What to do:
Reproduce the data below exactly. Skip the pictures.

Data block:
========

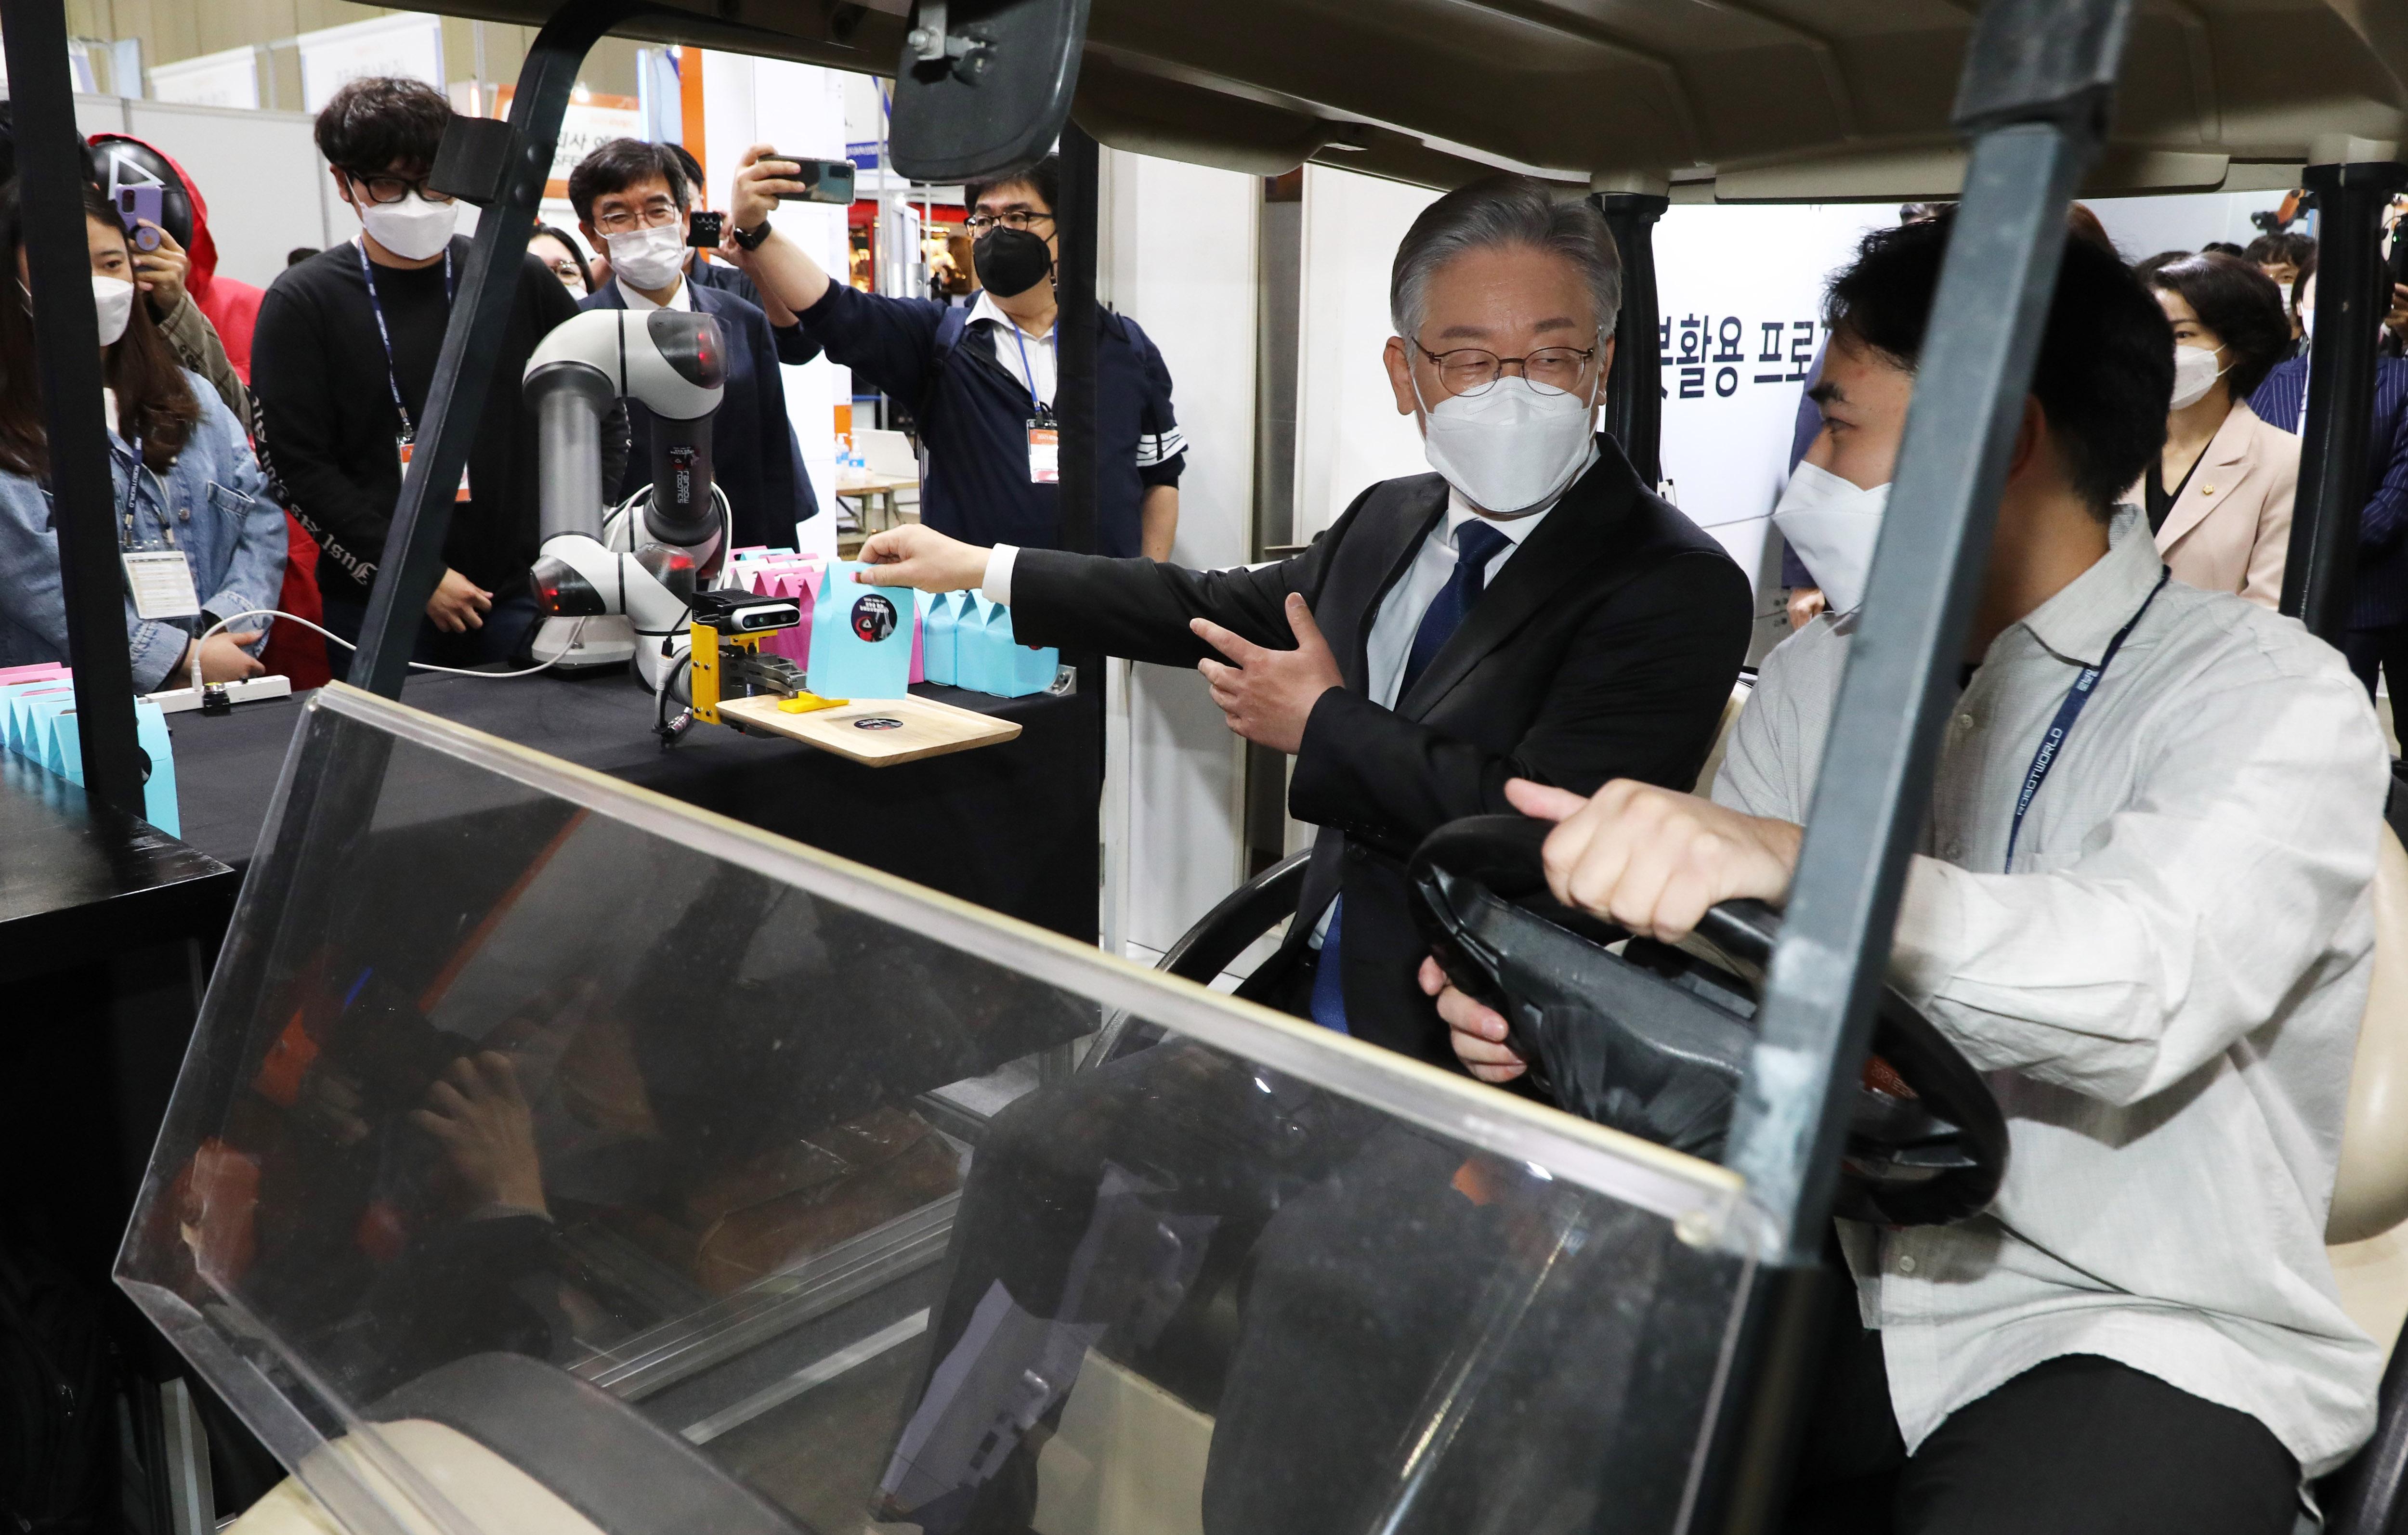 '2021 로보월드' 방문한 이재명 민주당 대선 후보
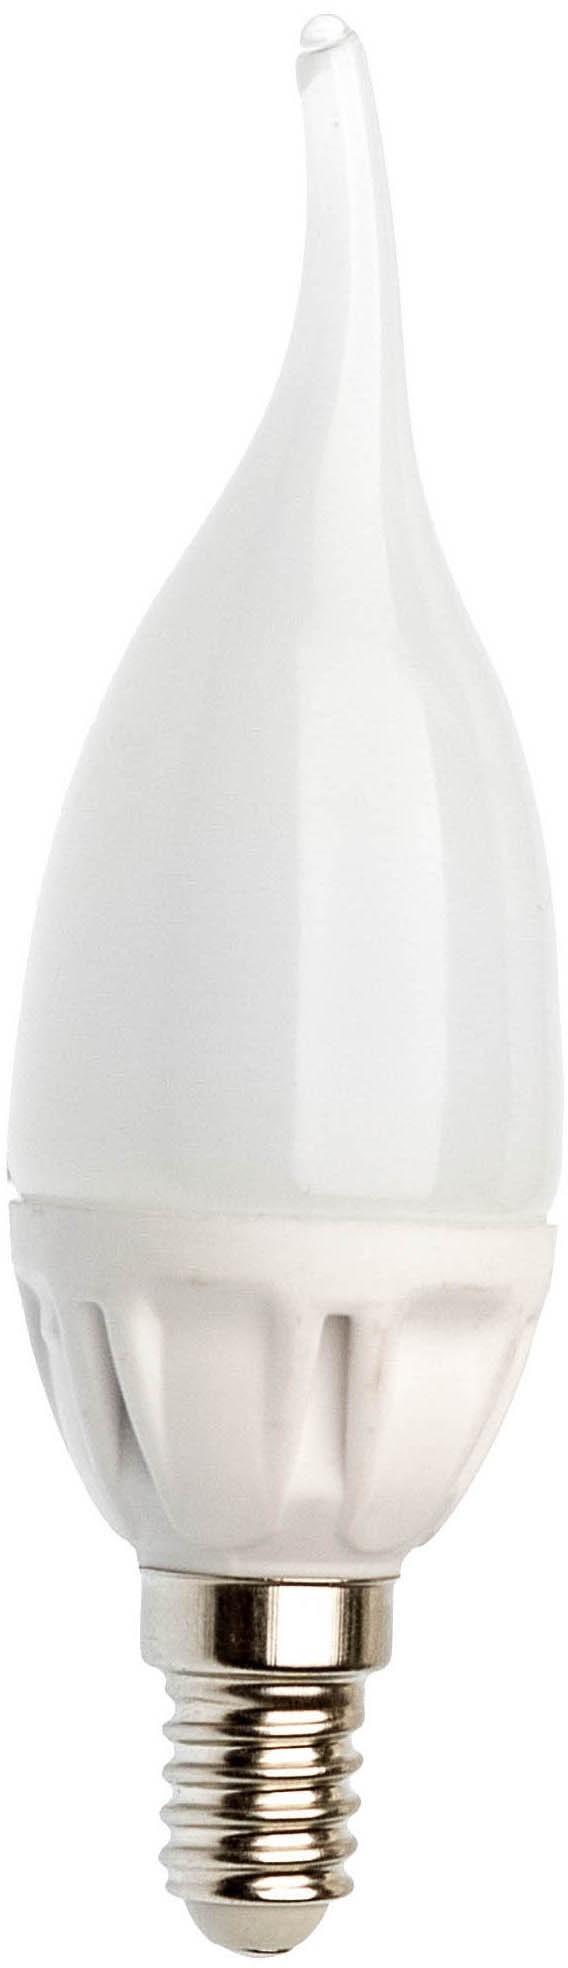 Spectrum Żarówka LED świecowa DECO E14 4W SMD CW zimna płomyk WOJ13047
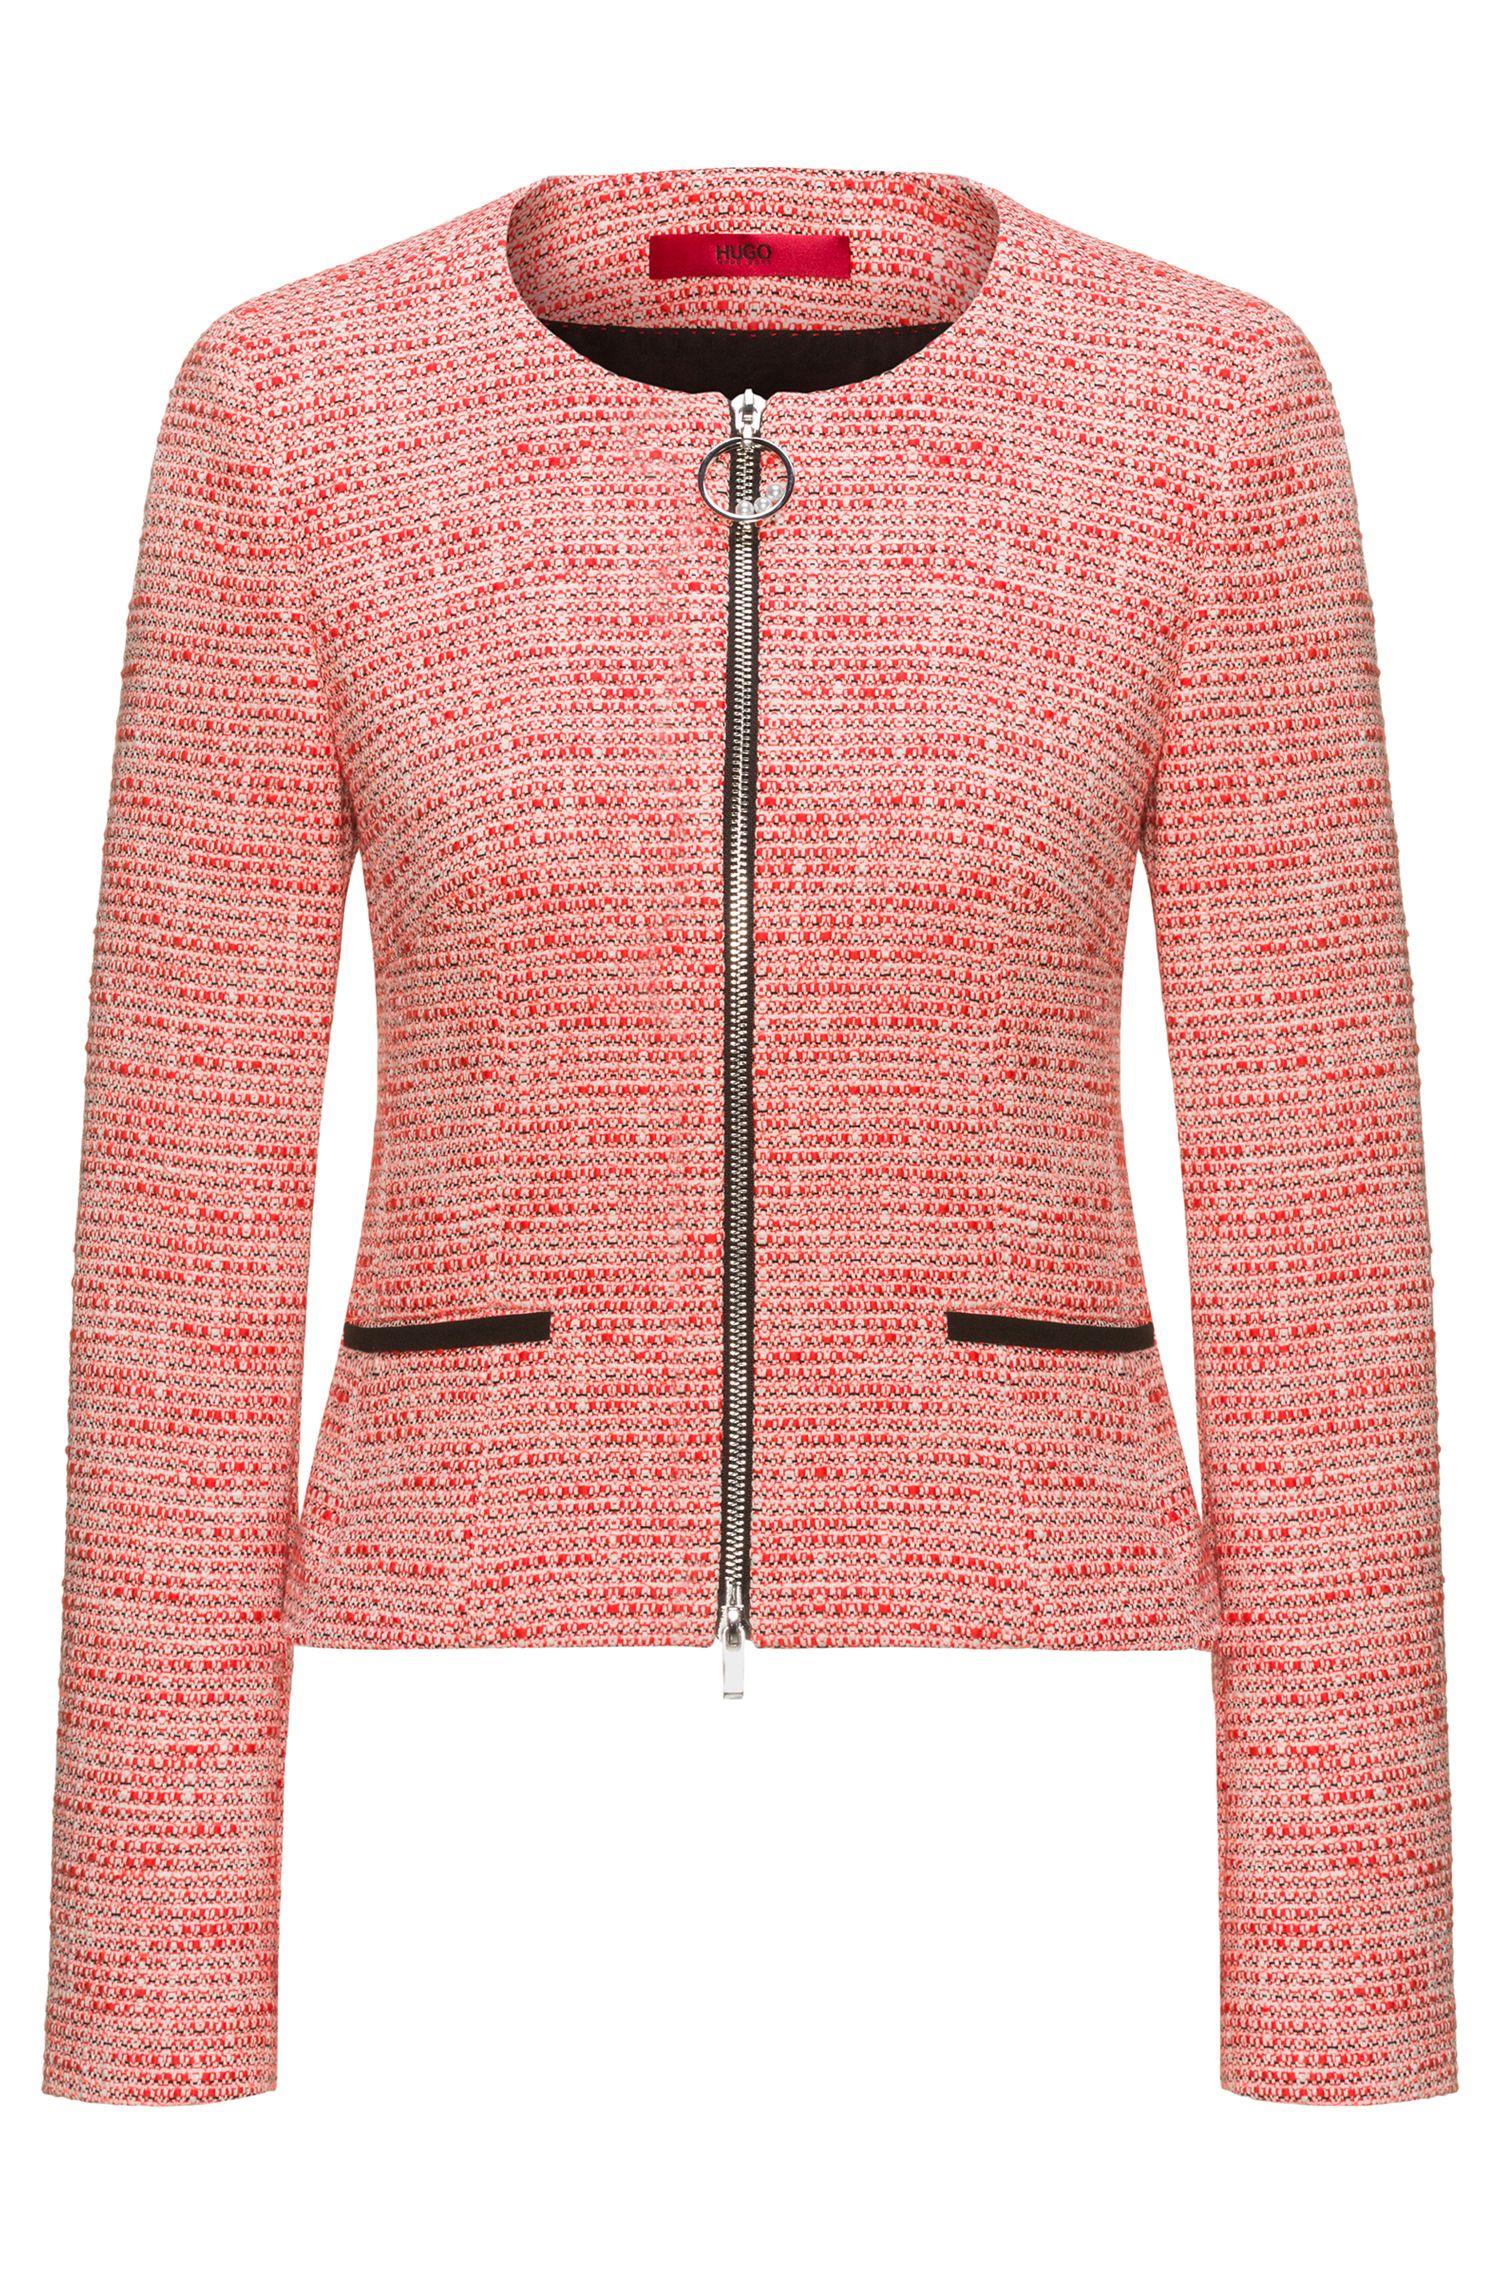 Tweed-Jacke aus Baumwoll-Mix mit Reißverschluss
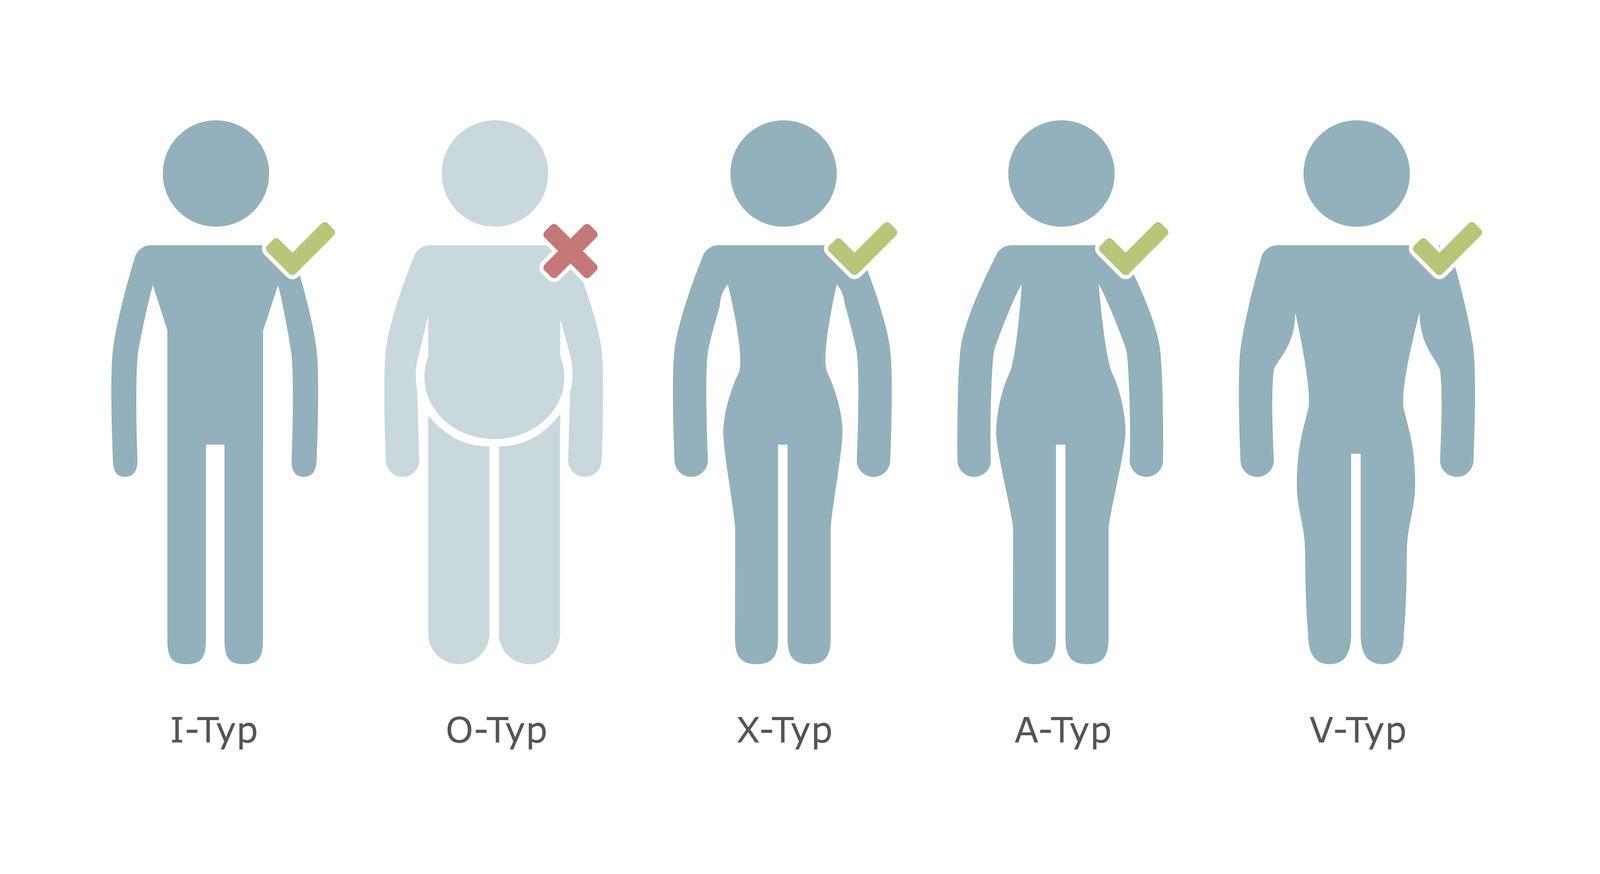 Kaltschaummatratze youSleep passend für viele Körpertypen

========

Solution to this task:
 '2021 로보월드' 방문한 이재명 민주당 대선 후보
 Spectrum Żarówka LED świecowa DECO E14 4W SMD CW zimna płomyk WOJ13047
 Tweed-Jacke aus Baumwoll-Mix mit Reißverschluss
 Kaltschaummatratze youSleep passend für viele Körpertypen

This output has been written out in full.